La ventana por la que entraba el alegre sol de la mañana en su habitación de la residencia daba para el patio de un colegio. Se instaló una tarde de mediados de julio y lo que más le gustó fue las paz que sentía al contemplar el jardín y los columpios vacíos.

Gabriel no había tenido hijos. Su vida había estado llena con su trabajo, que le encantaba, sus viajes, sus amigos y para familia, como comentaba siempre, ya tenía con sus dos hermanos y cinco sobrinos.

No le dio pena irse a vivir a la residencia. Tenía muy claro que era lo mejor para él y no quería ser una carga para nadie. Cuando se cansó de hacer las cosas de casa y dejó de sentir la necesidad de moverse por el mundo, se instaló en su habitación que daba al patio del colegio y se adaptó sin dificultades a su nueva rutina. Lecturas, clases de idiomas o de historia y actividades culturales.

Cuando le dijo a su sobrina la mayor lo alegre que era despertarse por las mañanas con el sol y esas vistas, esta le dijo algo en lo que no había caído: cuando empezara el curso, se acabó la tranquilad, al menos de 9 a 17.00, se quedó sorprendido durante un buen rato y cuando reaccionó, bajó a recepción. No había tenido hijos, no le gustaban los niños, si se hubiera dado cuenta antes, no hubiera aceptado esa habitación de ninguna manera.

Con amabilidad, pero sin remedio, desde recepción hasta el director, le fueron informado a Gabriel de que en ese momento no había habitaciones individuales que no dieran al patio del colegio. Y compartir espacio con otro residente le superaba. La única solución era esperar a que se quedara libre una de las habitaciones que daban al jardín de entrada.

Su carácter misántropo se manifestó con un malhumor que aumentaba cada día, a medida que se acercaba el quince de septiembre, fecha en la que empezarían las clases. Ese día, como un animal al acecho, se agazapó tras las cortinas para espiar la llegada de los pequeños estudiantes.
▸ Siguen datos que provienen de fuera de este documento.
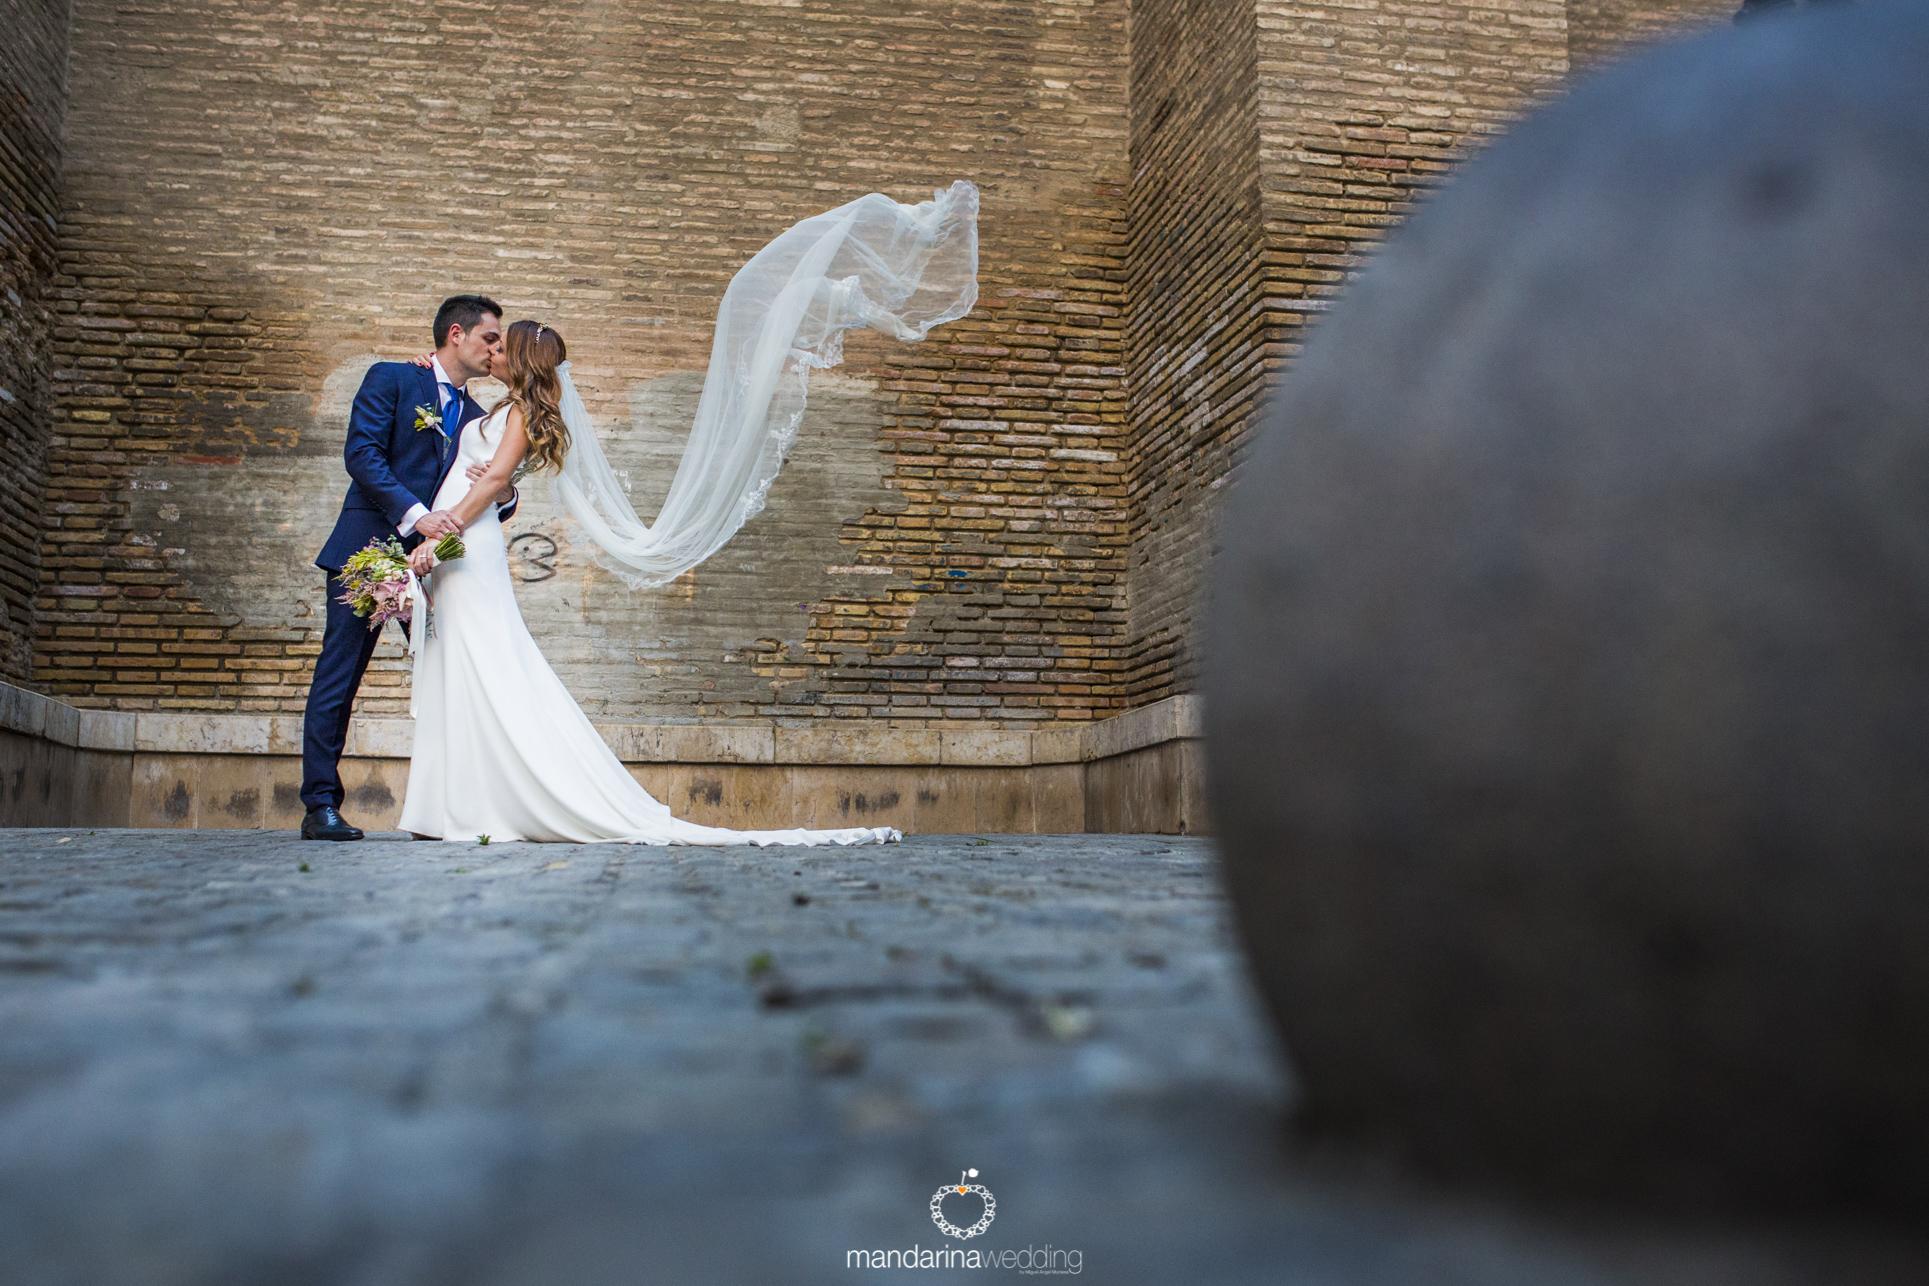 mandarina wedding, fotografo boda pais vasco, fotografo boda zaragoza, fotógrafo boda soria, fotografo boda Madrid, fotógrafo boda tarragona-37
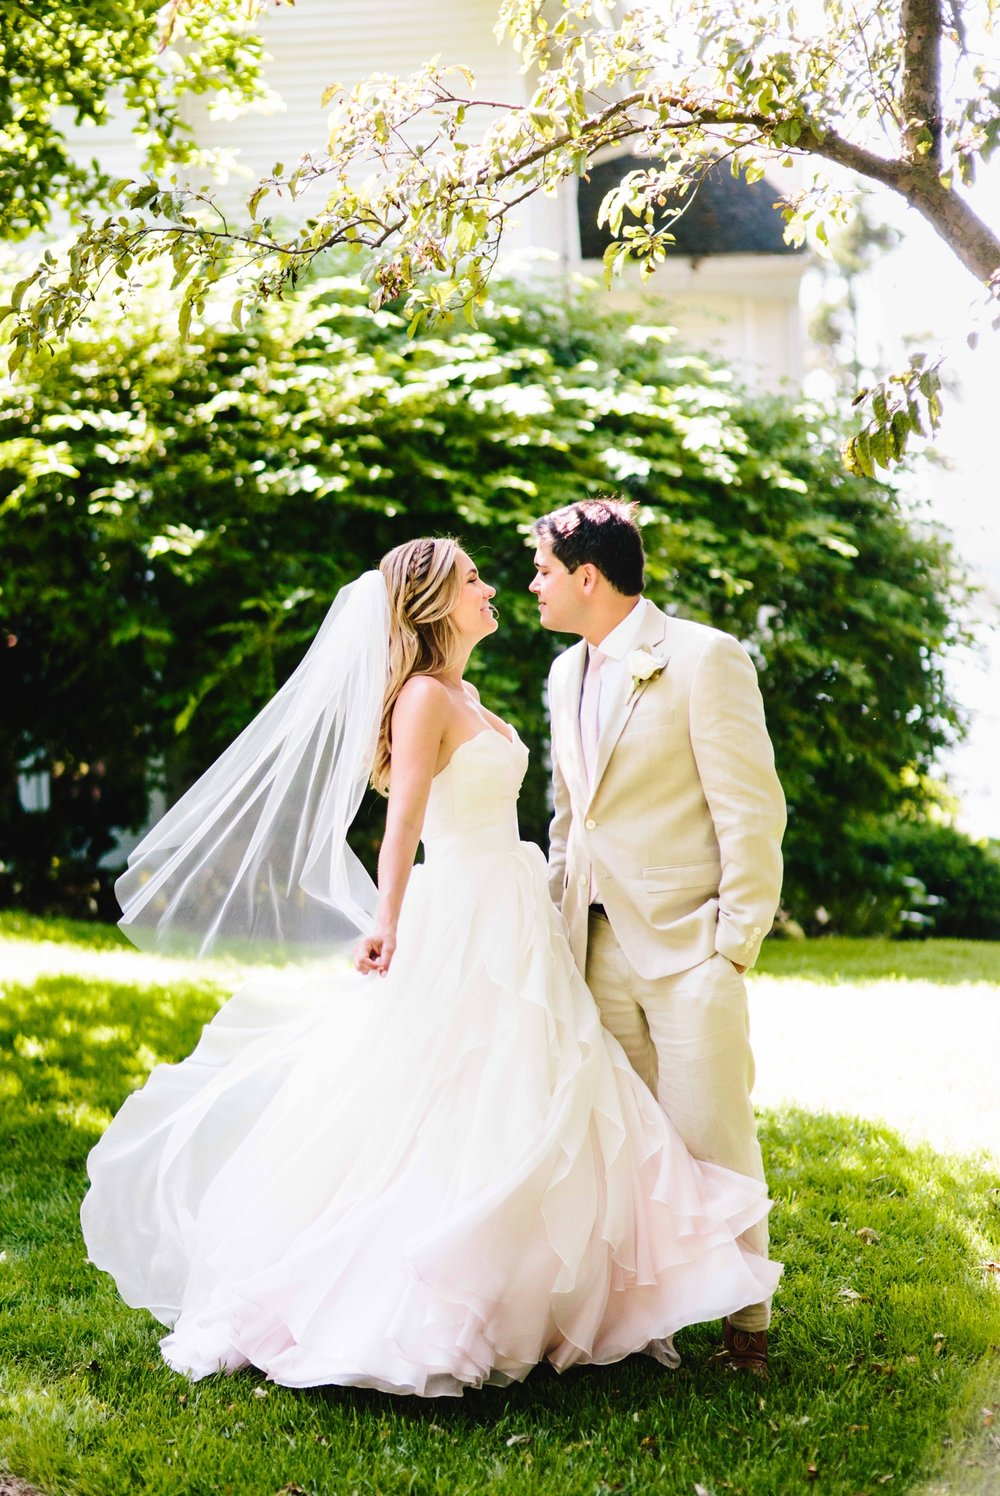 chicago-fine-art-wedding-photography-trenga18

Su ánimo empeoró de manera notable cuando a la algarabía de la espera le se unieron los lloros de los más pequeños, para los que el primer día de clase era el inicio de lo desconocido. Gabriel resoplaba. Por fin, el silencio se instaló en la habitación. Cogió un libro y se concentró en la lectura. Un sobresalto le hizo que se cayera el libro. El timbre del recreo y el griterío de los niños saliendo desbocados al patio le habla pillado por sorpresa. Tras la comida, la siesta se interrumpía dos veces: en el recreo tras el comedor y la salida de la tarde. La cosa no mejoraba luego. Las actividades extraescolares llenaba su espacio sonoro con golpes de balón, músicas variadas, risas y gritos.

Los sábados descansaba, pero los domingos estaba agitado. La proximidad del lunes le impedía relajarse. Pensó en cambiar de residencia.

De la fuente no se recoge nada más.